Titus 2:13 says that the return of Jesus Christ is our “blessed hope.” There are tons of verses on hope. Let me share some quick truths from them. Here are some truths about biblical hope:

1.     The focus of our hope is God. Ps. 71:5: “For you O Lord are my hope, my trust, O Lord, from my youth.” God is our hope. You cannot look at the waves around you. You have to look at the Lord.

2.    Perseverance is the product of hope (Rom. 5:3-5). Despair is from the Enemy. If you find yourself in despair, know that the Enemy is working on you. However, if you find yourself with some kind of hope in your soul to keep going, know the Holy Spirit is working on you.

3.    Hope is based on God’s Word. Ps. 119:114 says that “You are my hiding place and shield; I hope in your word.” Naomi’s hope was based on God’s Word. God’s promises are like the stars, the darker the night, the brighter they shine.

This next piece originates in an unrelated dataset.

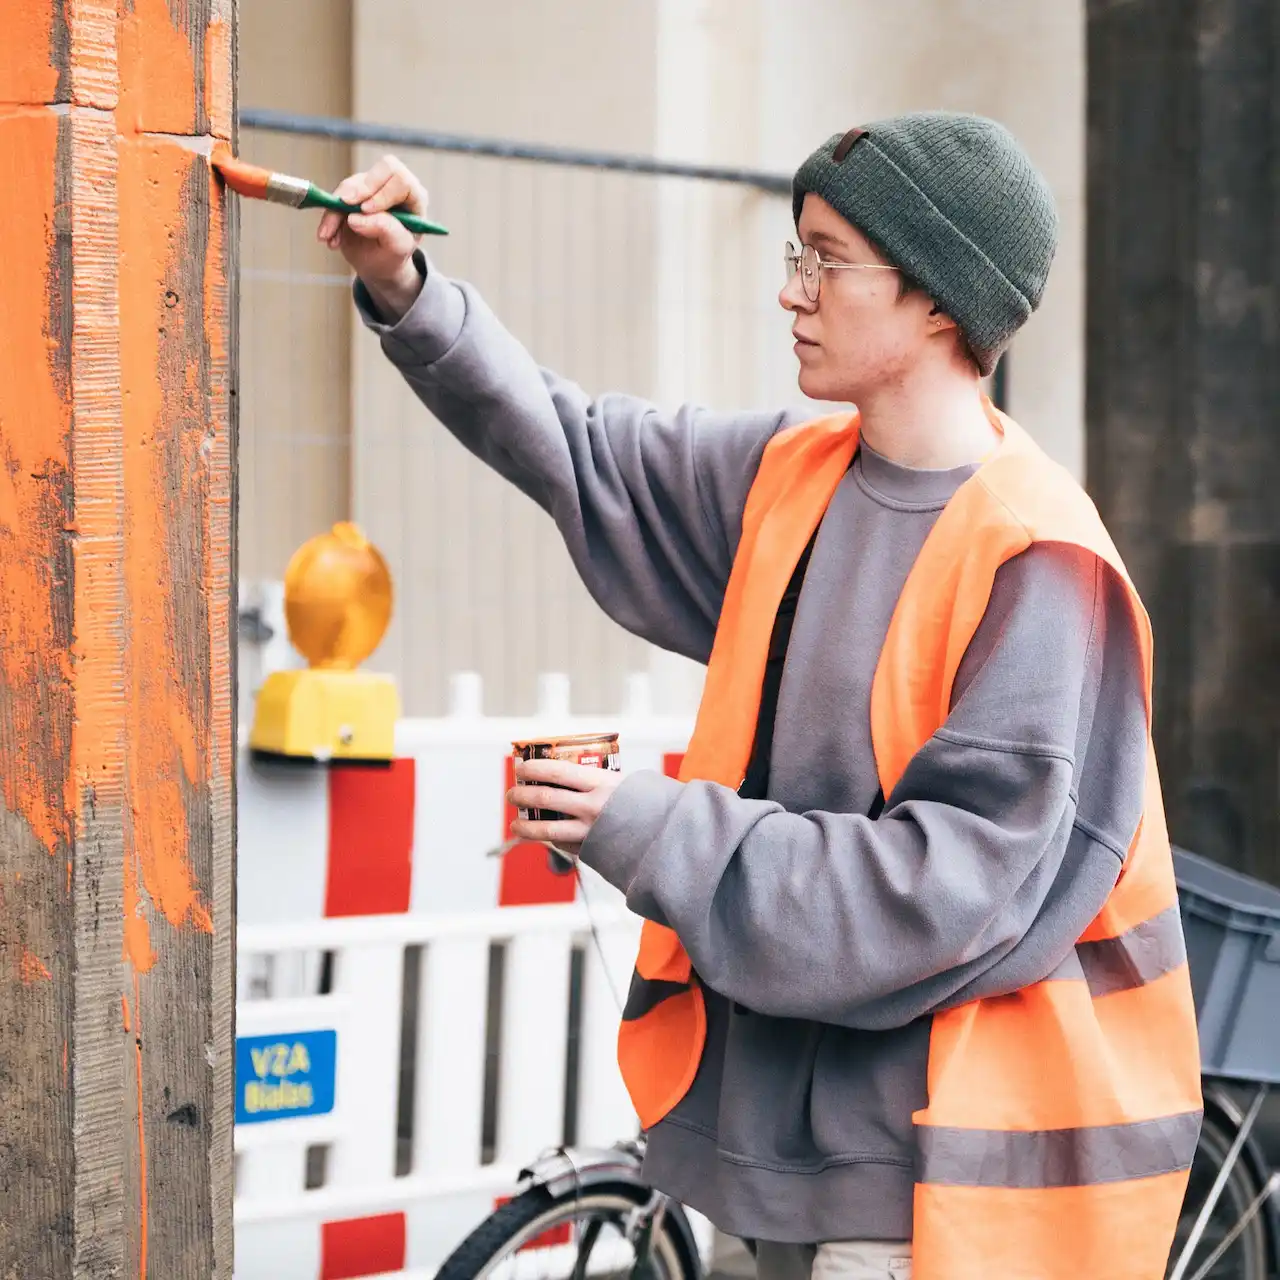 Acción de protesta de 'Letzte Generation' contra los combustibles fósiles. Jóvenes activistas climáticos pintan de nuevo la Puerta de Brandeburgo  / Foto: Letzte Generation

We hate waiting. We don’t like to wait at traffic lights, traffic jams, grocery stores, internet connections, doctor’s offices, and in life! In a normal delivery, it takes nine months for a baby to arrive. God takes His time to grow that baby! What was Jesus doing for 30 years of His life? Waiting. Waiting for God’s timing! Waiting for God’s provision.

Conclusion

Turn to 1 Kings 17. The first thing we read of the prophet Elijah was his ministry to Ahab in 1 Kings 17:1. Then God tells him to go sit by the Cherith Brook. What? No explanations. Just go sit there and I’ll take care of the meals. Then after that time at what we will call, “Brooklyn College,” God then commands him to continue ministering again. I wonder if Elijah is like, “Wait, what was that sitting by the brook and ravens feeding me thing all about?” He was alone and had to wait, depending on God’s timing and provision.

Now look at 1 Kings 19:17-22. Elijah now confronts Ahab about his worship of idols. Then Elijah gets up on Mt. Carmel and has a contest between Yahweh and the prophets of Baal. In verse 22, Elijah is the only one standing up for God and God shows Himself strong! Sometimes we are waiting at the Cherith Brook and wondering what God is doing. God taught him to wait for Him. God taught him that He needs to depend on God for His timing and provision. When he did that, God showed him that because he learned to sit alone and wait for God, God was going to use Him to stand alone for Him and show His power later.

Beloved, in the present, ask the Lord to nurture hope in your soul. You hope in the Lord. You grab a hold of His promises and do not let go. His providence is in His timing. You can trust Him.

—-

[1] Stott, John. The Cross of Christ (Downer’s Grove, IL: Intervarsity Press, 1986), 12.

[2] Mahaney, C.J. Humility: True Greatness (Colorado Springs, CO: Multnomah Books, 2005), 75.